PROBLEM DESCRIPTION ->
All pictures are to be excluded when the data below is output verbatim.

*** Opening of DATASET CONTENT ***

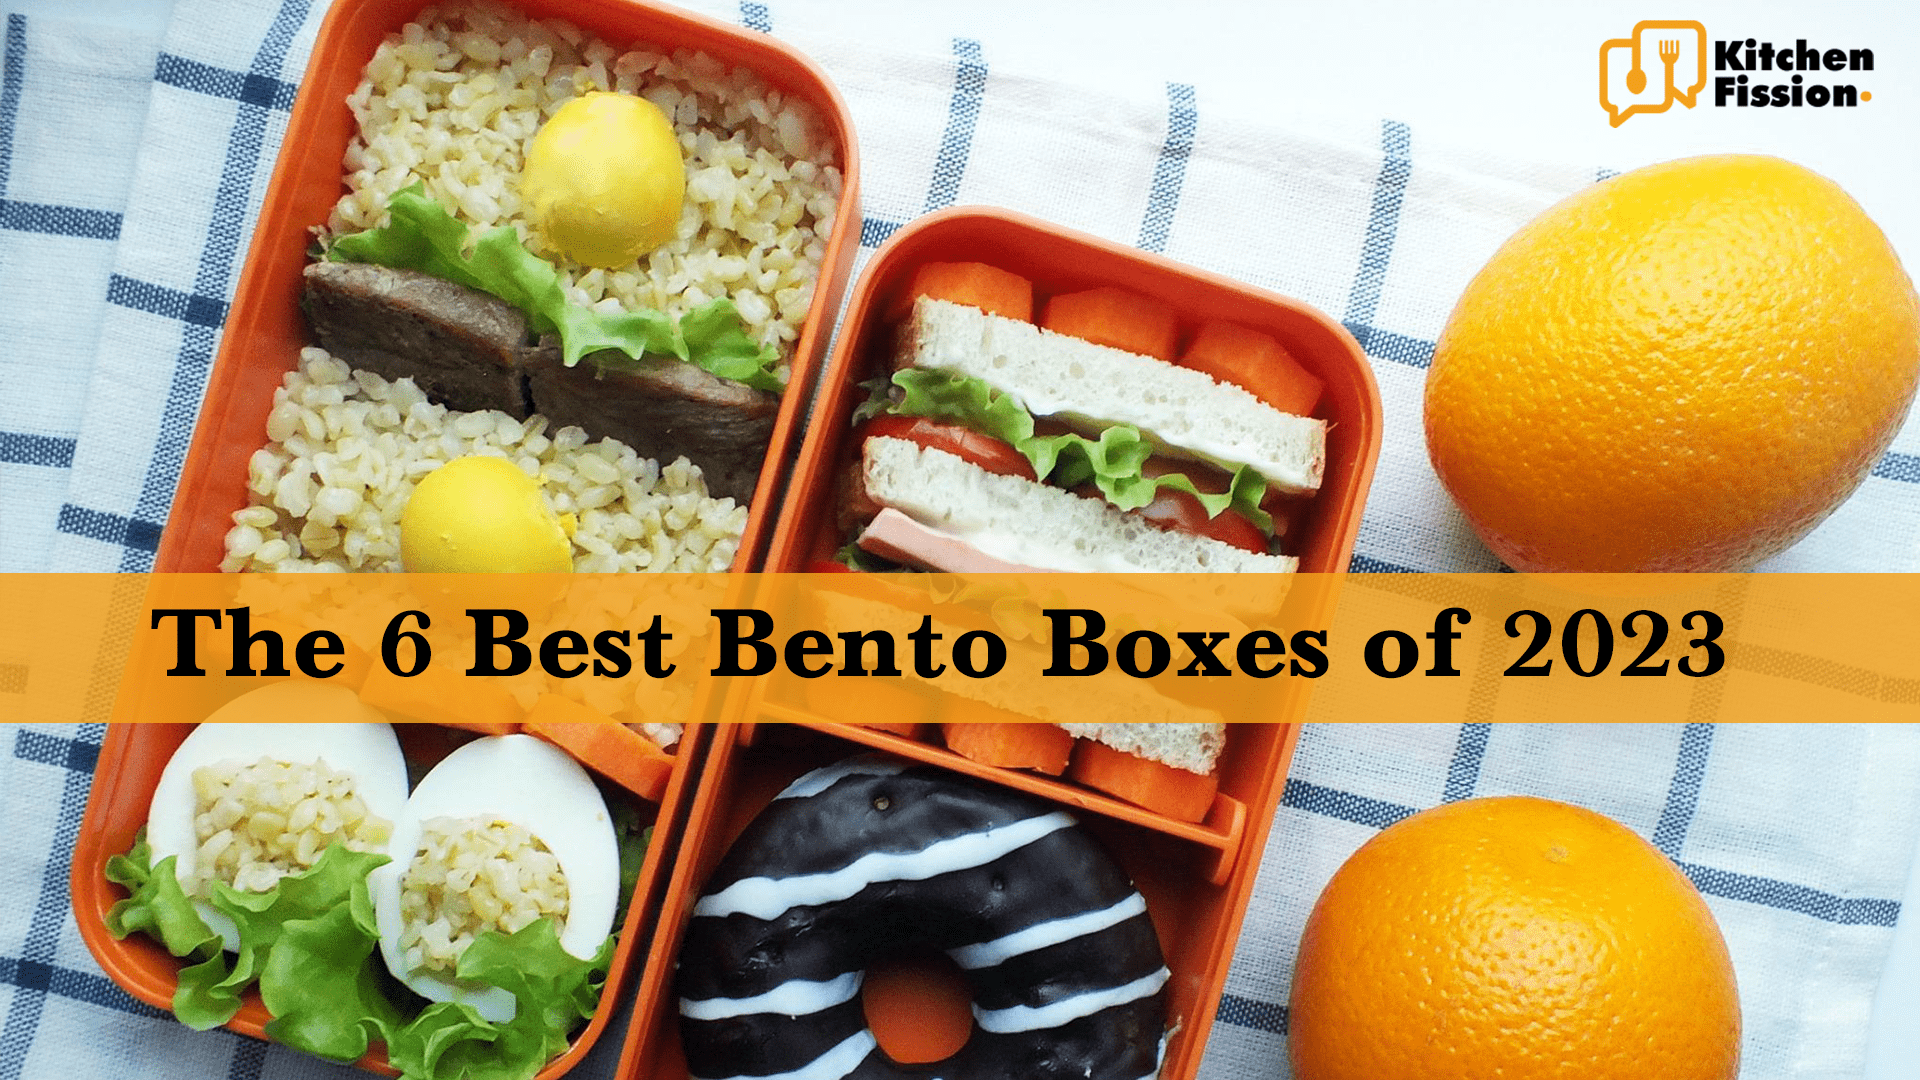 The 6 Best Bento Boxes of 2023
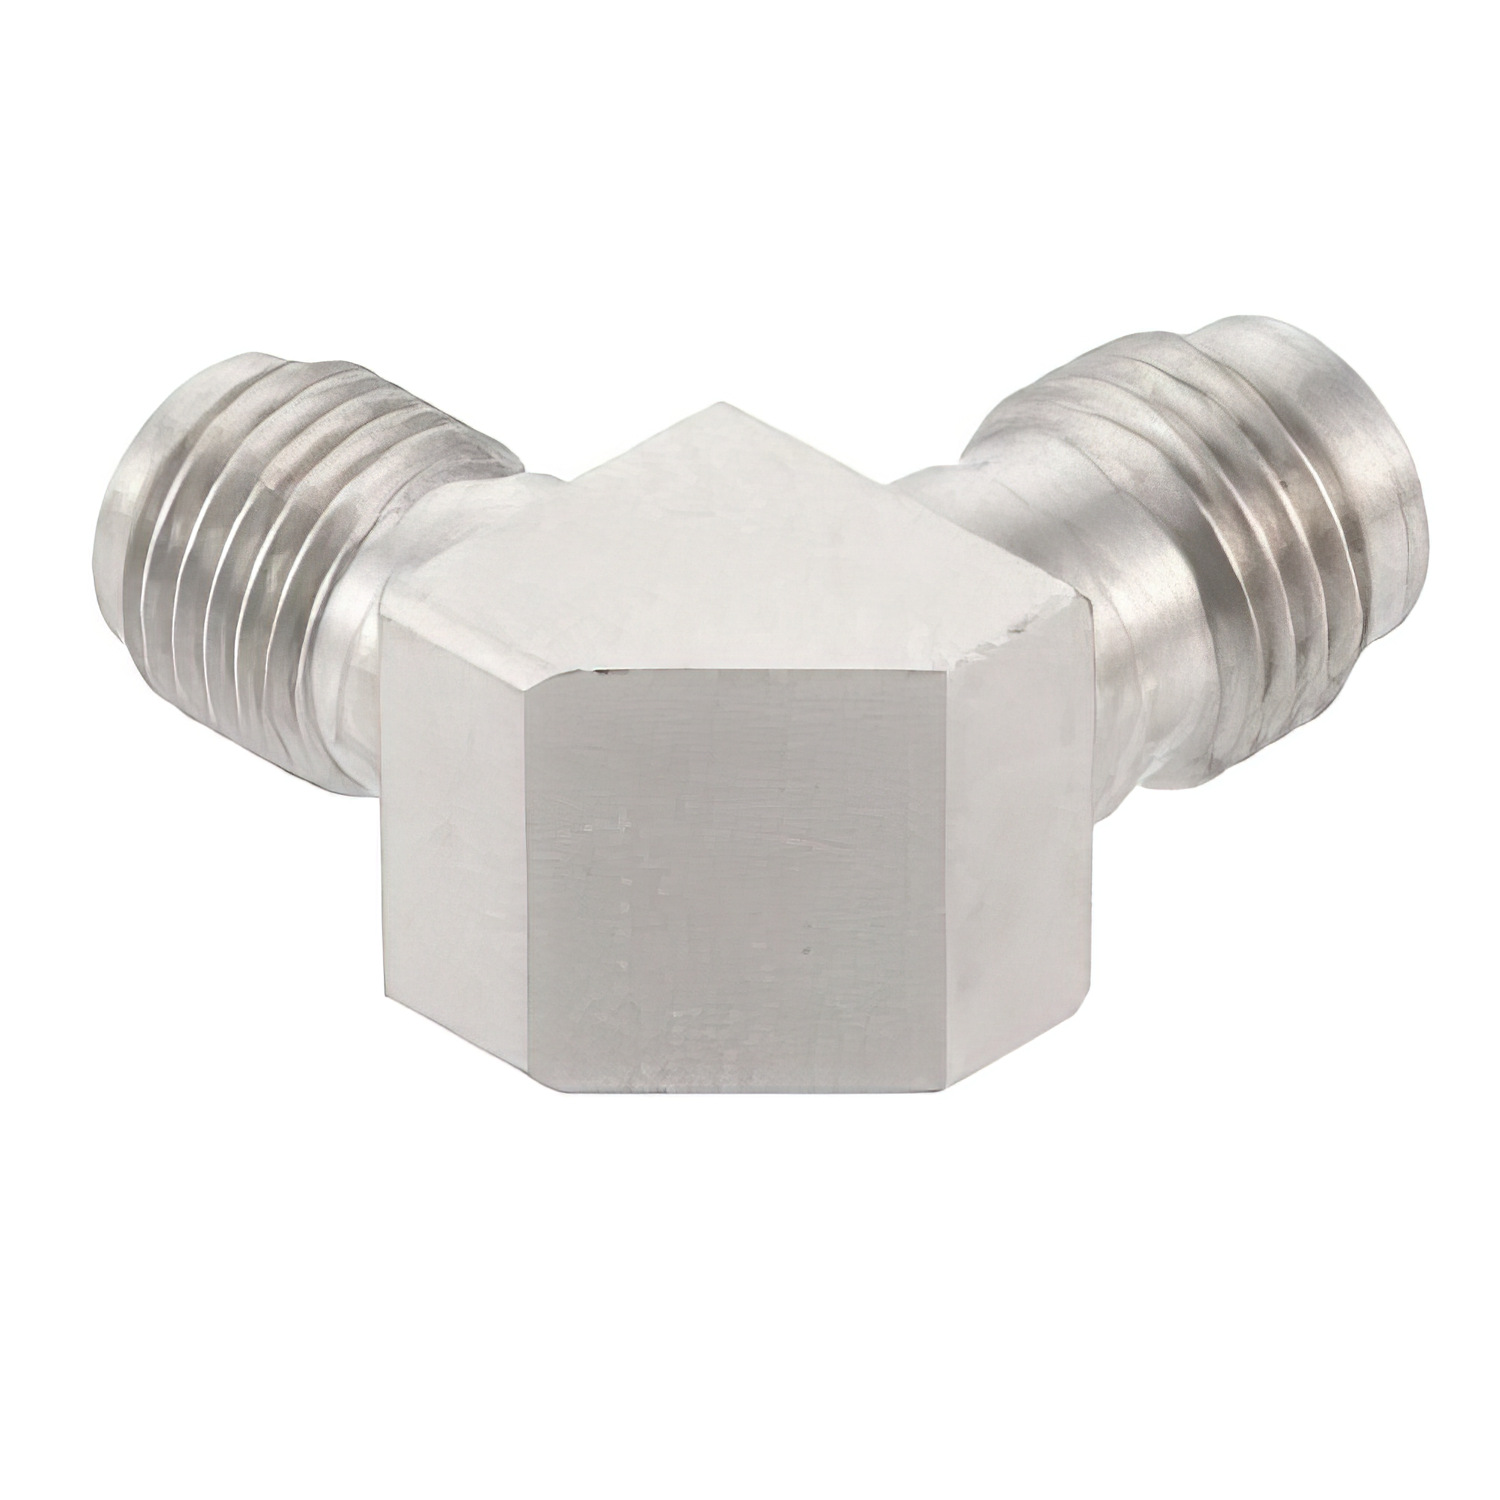 1.85mm Female to 2.92mm Female Miter Right Angle Adapter1
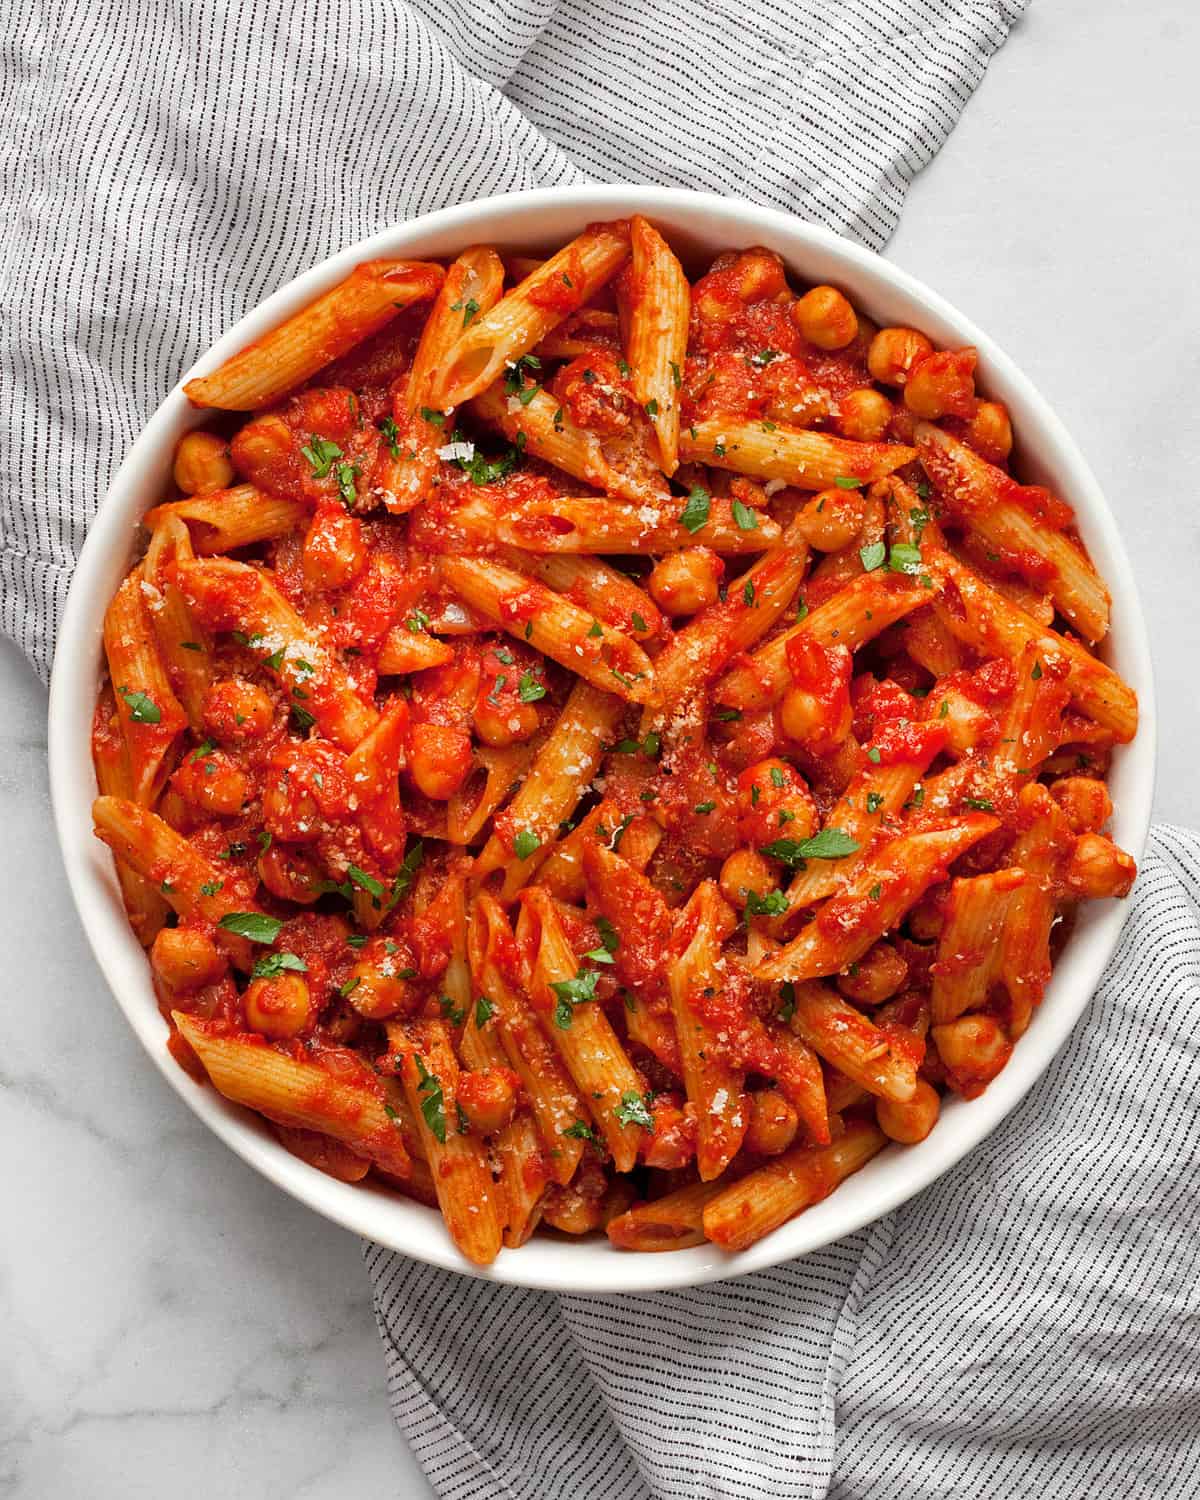 Enjoy a Tasty Meal with This Step-by-Step Arrabiata Sausage Pasta Recipe Guide

*** Close of DATASET CONTENT ***

EXERCISE ANSWER ->
 The 6 Best Bento Boxes of 2023
 1.85mm Female to 2.92mm Female Miter Right Angle Adapter1
 Enjoy a Tasty Meal with This Step-by-Step Arrabiata Sausage Pasta Recipe Guide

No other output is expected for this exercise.